As many of you know, I do occasional tour groups at the Antietam Battlefield (where I am sitting and writing this final devotional of the summer series). I talk with guests about how the Confederates under A.P. Hill marched 17 miles in 7 hours to arrive on the field just in time to save Robert E. Lee from total disaster.
For them to have done this, it also included wading across the Potomac River at a ford just downstream several hundred yards from where the bridge now is that crosses into Shepherdstown.
And when there are kids in the group, I will say to them, “Hey, it is a shallow place and we could probably go down there now and do the same thing; do you want to do that?”
And invariably the kids will answer, “Yes, that would be so cool; let’s go do it!”
And invariably the parents will say, “No, we’re not going to be doing that!”
Kids are great because they are completely trusting when they sense they are in the care of someone who genuinely loves them and cares for them. They fully believe that those adults will only do those things that will help them, not hurt them.
Another example — a toddler is only about one-quarter the size of a typical grown up. So, imagine if a 24-foot tall giant was to come along, pick you up under the armpits and throw you up and down 40 feet into the air, would you welcome that activity and giggle all the way through it like a little child does?
Didn’t think so!
In today’s reading we see how people were bringing their little ones to Jesus to be blessed and to meet this great teacher in whom they had come to have great respect and faith.
The Little Children and Jesus
Luke 18:15 People were also bringing babies to Jesus for him to place his hands on them. When the disciples saw this, they rebuked them. 16 But Jesus called the children to him and said, “Let the little children come to me, and do not hinder them, for the kingdom of God belongs to such as these. 17 Truly I tell you, anyone who will not receive the kingdom of God like a little child will never enter it.”
This passage is included also in both Matthew and Mark. And when we take the three accounts together, there are three things I would really like to emphasize from it …
First, the words used for children here are not limited to babies or tiny infants, but rather refer to children up to about 12 or 13 years old. The people were bringing families — don’t think of this as an infant dedication service of newborns. Yet at the same time, it is similar in one respect — that it involved the faith of parents in the person of Jesus and their desire for their children to be intimately connected to him.
Secondly, when Jesus rebukes the disciples for forbidding and discouraging this (they thinking that they were protecting Jesus from being bothered), the English translations do not capture the original text’s intensity. His words to them were very sharp, intense, pointed, and filled with emotion. He greatly desired them to come.

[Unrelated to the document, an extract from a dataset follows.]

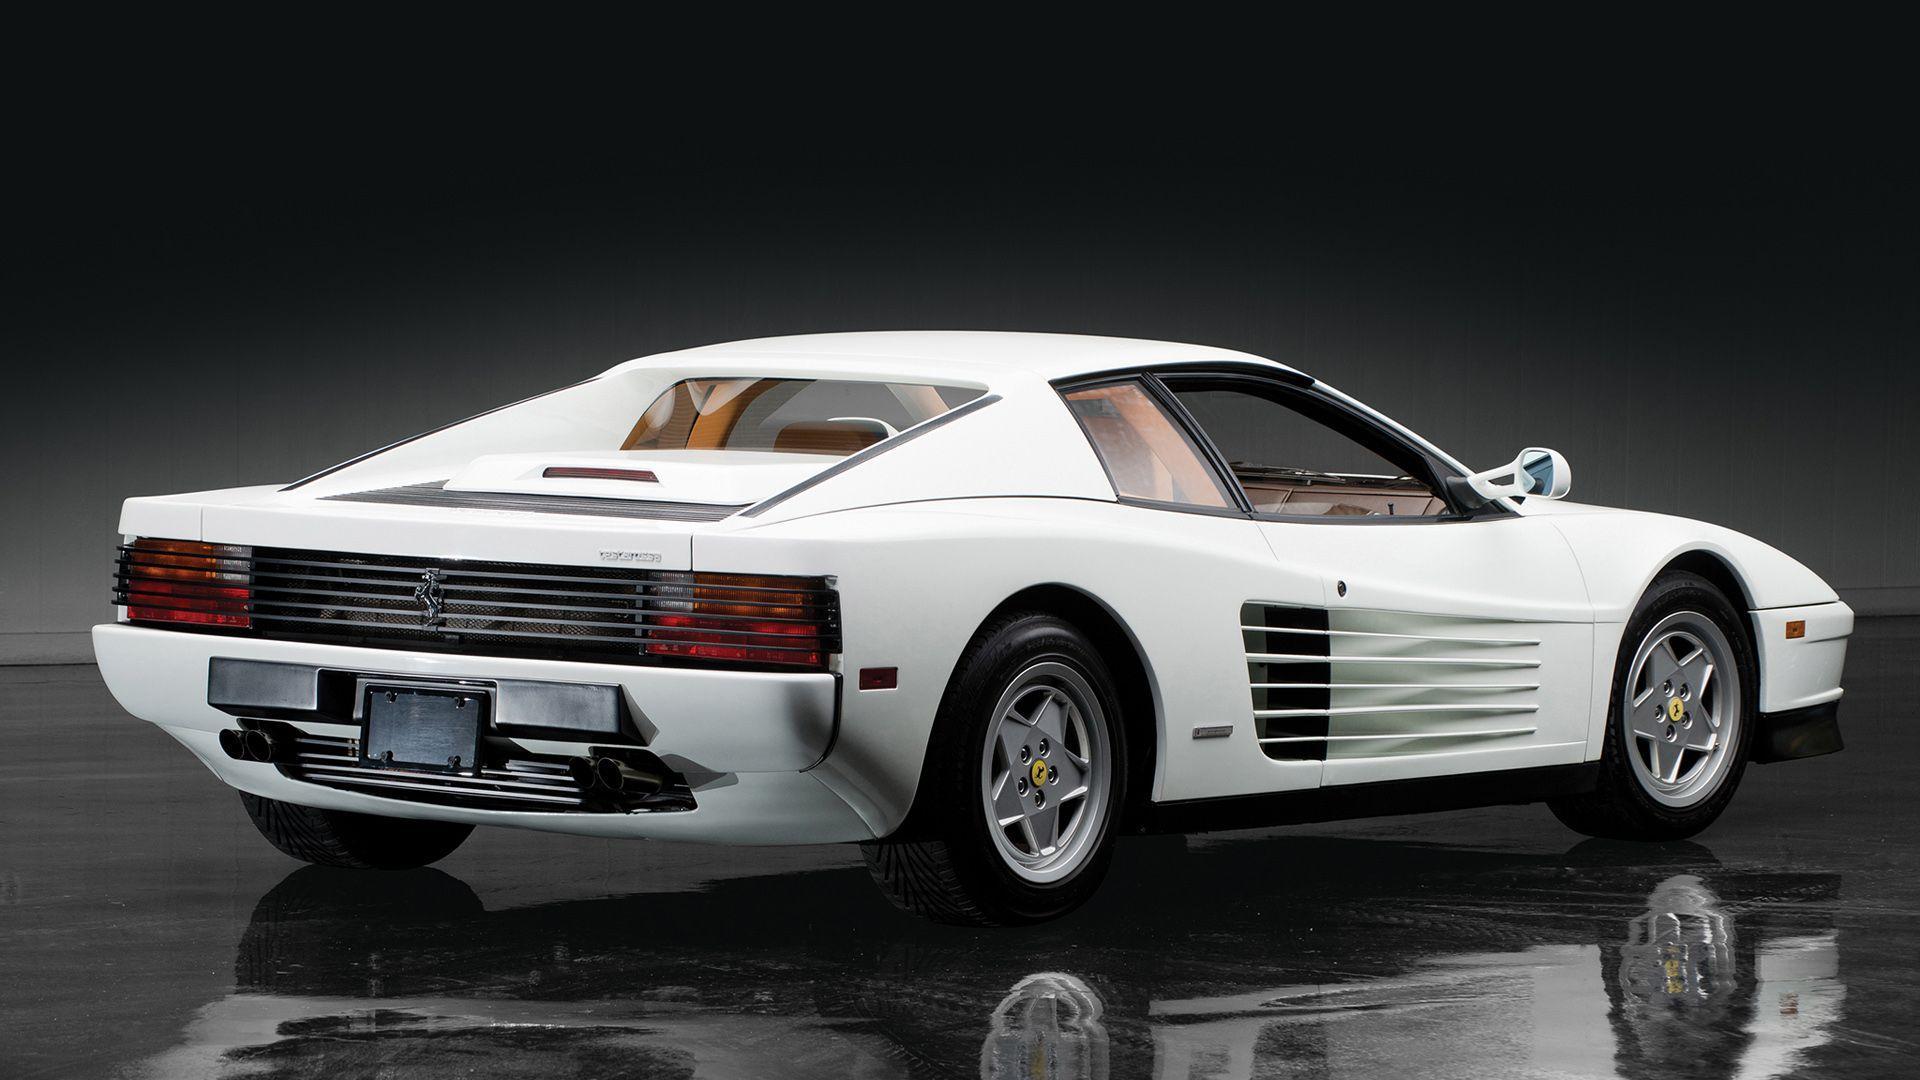 White Ferrari Testarossa Wallpapers Top Free White Ferrari Testarossa Backgrounds Wallpaperaccess

And finally, the picture is profoundly accurate to portray both the simple and humble faith of those who come genuinely to God, as well as the desire of God for them to come to him in full trust for salvation and life eternal in His Kingdom.
FINAL NOTE >> It has been a good summer series in the Parables. We next turn to six weeks of study in the book of Esther, and we will be back in less than two weeks with an accompanying devotionals series for that.